Cytotrophoblast cells were maintained in culture for 66 h. At 18 h, cultures were washed 3 times with warm PBS to remove nonadherent cells, and the culture medium was replaced. Thereafter, medium was replaced daily with or without the following four K+ channel inhibitors: BaCl2 (0.1 and 1 mM), chosen as it blocks many K+ channels and has effects on placental syncytiotrophoblast, depolarizing the microvillous membrane (18) and inhibiting KIR2.1 currents in multinucleated cytotrophoblast cells (7); 4-aminopyridine (4-AP: 0.01–5 mM), which blocks KV channels (21); tetraethylammonium (TEA; 0.1–10 mM), an inhibitor of KV and KCa channels; anandamide (1, 10, and 100 μM), which blocks the K2P channel TASK-1, and reduced basal 86Rb+ efflux from cytotrophoblast cells (3). Cells were also treated with the KATP channel openers pinacidil and cromakalim (0.1–10 μM) and nifedipine (0.1–100 μM), an inhibitor of L-type voltage-gated Ca2+ channels. Diluents for anandamide and nifedipine (ethanol and DMSO, respectively) were added to their corresponding controls (final concentration: ethanol, 0.1%, and DMSO, 0.1 and 1%).
Placental Explant Culture
Six 1-cm3 sections of normal-term villous placental tissue were taken from different areas of each placenta midway between the chorionic and basal plate and placed in sterile PBS. Villous tissue was further dissected into explants of ∼3 mm3. Explants were placed in 74-μm polyester mesh Netwells, in 15-mm insert 12-well plates; 3 explants and 1.5-ml culture medium (10% CMRL-1066, 100 μg/ml streptomycin sulfate, 100 IU/ml penicillin-G, 0.1 μg/ml hydrocortisone, 1 μg/ml insulin, 0.1 μg/ml retinol acetate, 5% FCS; pH 7.2) were placed into each well, with the tissue supported on the mesh at the liquid-gas interface.

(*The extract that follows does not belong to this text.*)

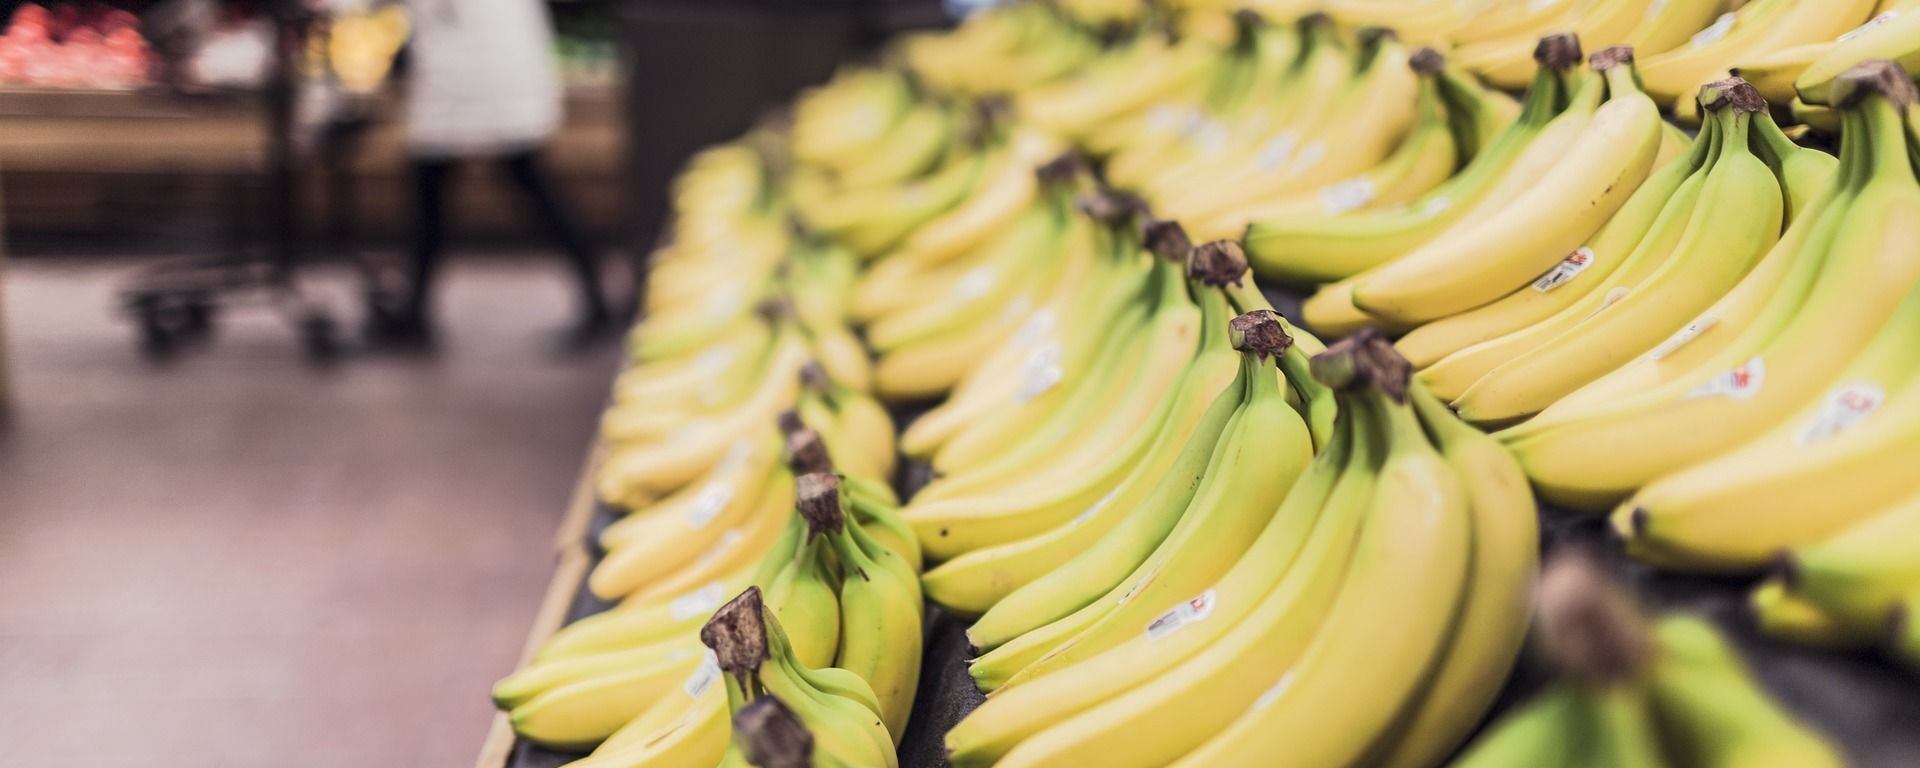 Бананы в супермаркете - Sputnik Грузия, 1920, 14.04.2021

Villous explants were maintained in culture at 20% oxygen (37°C in a humidified incubator in 95% air/5% CO2) for 6 days (i.e., day placenta collected = day 0; day of harvest = day 6). Culture medium was collected from all wells daily. Explants were treated with the following ion channel modulators on days 3, 4, and 5 (following the collection of old media and the replacement with new): BaCl2 (1 mM), 4-AP (1 and 5 mM), TEA (5 and 10 mM), anandamide (100 μM), cromakalim (10 μM), and nifedipine (10−4M). Following collection, medium was frozen at −20°C and subsequently was analyzed for hCG and lactate dehydrogenase (LDH). On day 6, explant tissue was dissolved in 0.3 M NaOH (37°C for 24 h) for subsequent protein analysis.

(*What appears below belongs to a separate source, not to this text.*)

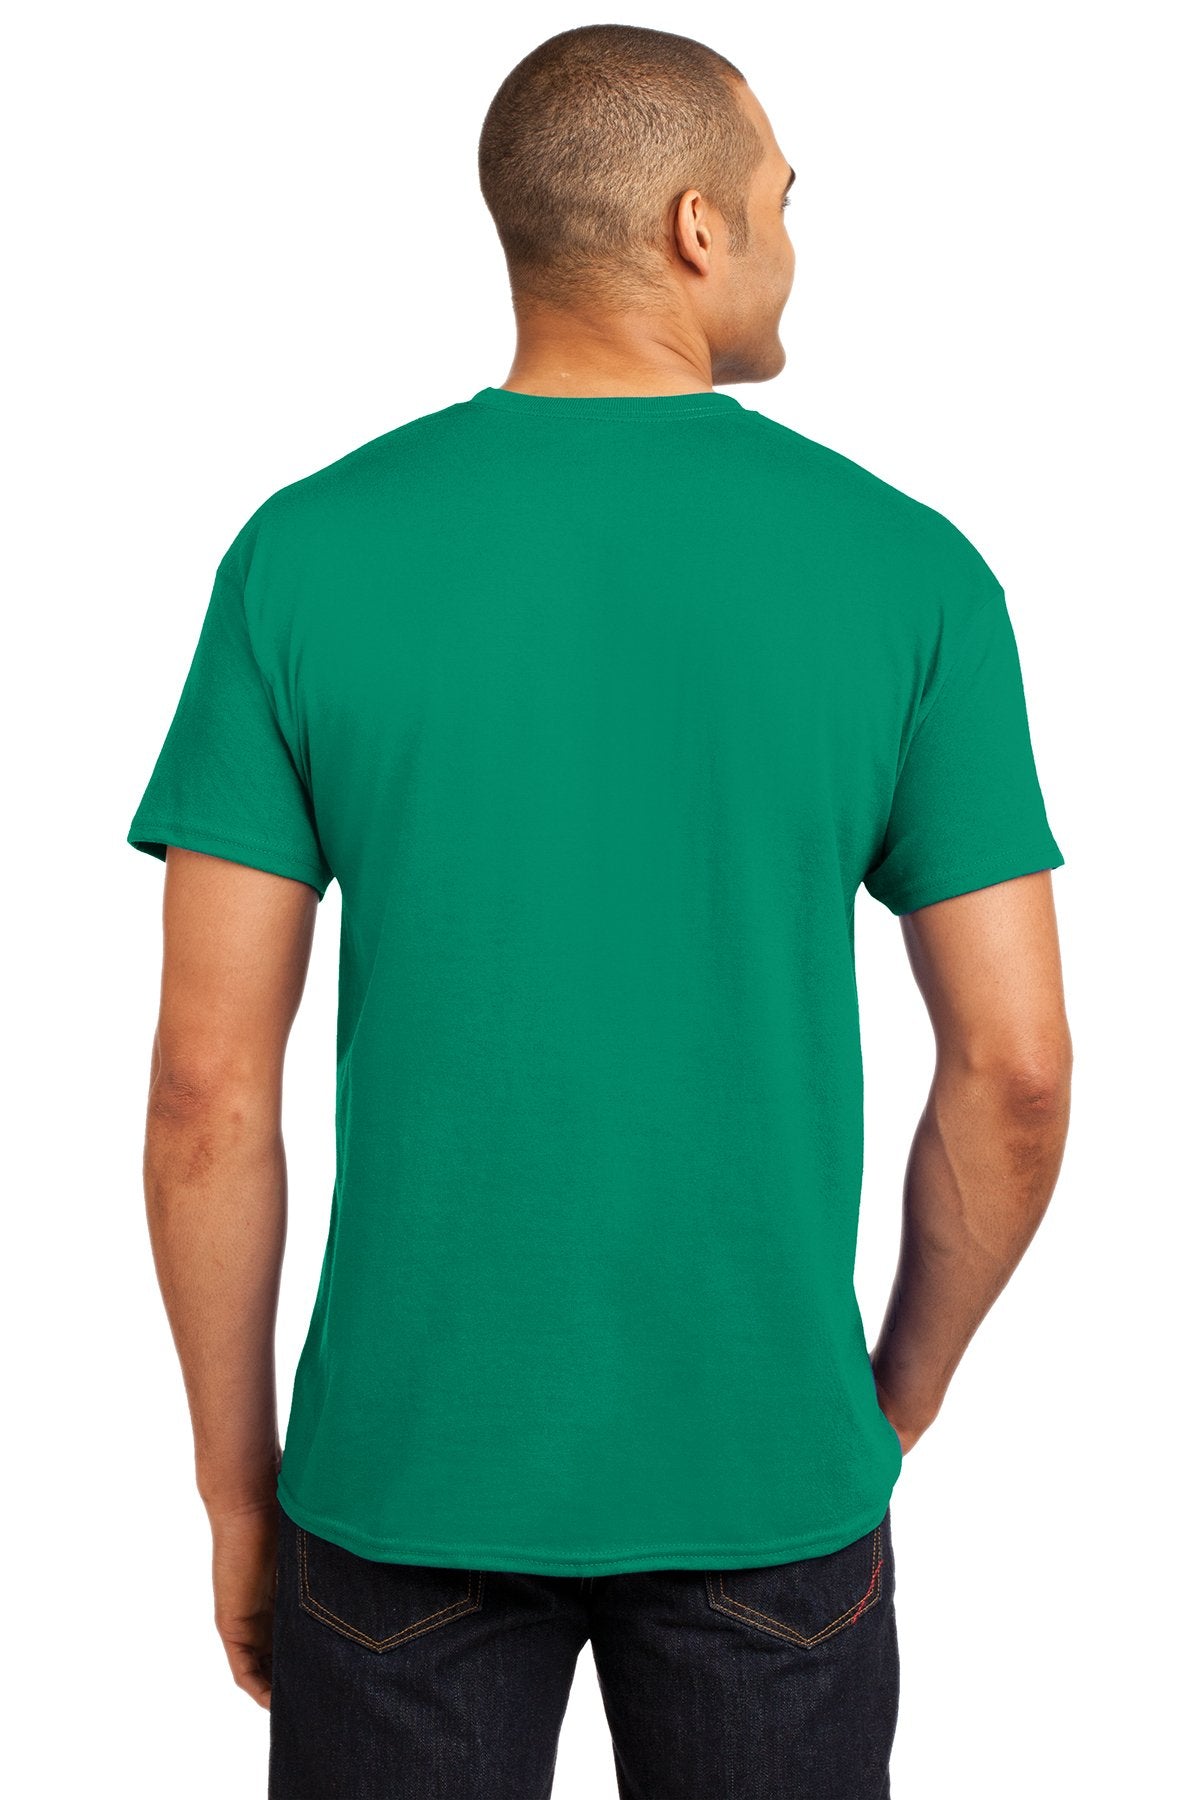 hanes ecosmart 50 50 cotton/poly t shirt 5170 kelly green

Measurement of LDH and hCG
Culture medium was collected at 18 and 66 h of cytotrophoblast cell culture, (18 and 24 h collection, respectively), and daily from villous explants, and stored in aliquots at −20°C. The medium was analyzed for LDH, which is released from necrotic cells and used as a marker of cell viability, using a cytotoxicity detection kit (Roche Diagnostics, Mannheim, Germany), following the manufacturer's instructions. Culture medium was also assayed for secreted hCG using radioimmunoassay (cells: MP Biomedicals, Solon, OH) or ELISA (explants: DRG Diagnostics, DRG International, Marburg, Germany). In addition to secreted hCG, the cellular production of hCG from cytotrophoblast cells was assessed by lysing cells after 66 h of culture in 0.5 ml water for 30 min. Lysed cells were then scraped from the culture dish, the lysate centrifuged to pellet cellular protein, and the supernatant assayed for cellular hCG.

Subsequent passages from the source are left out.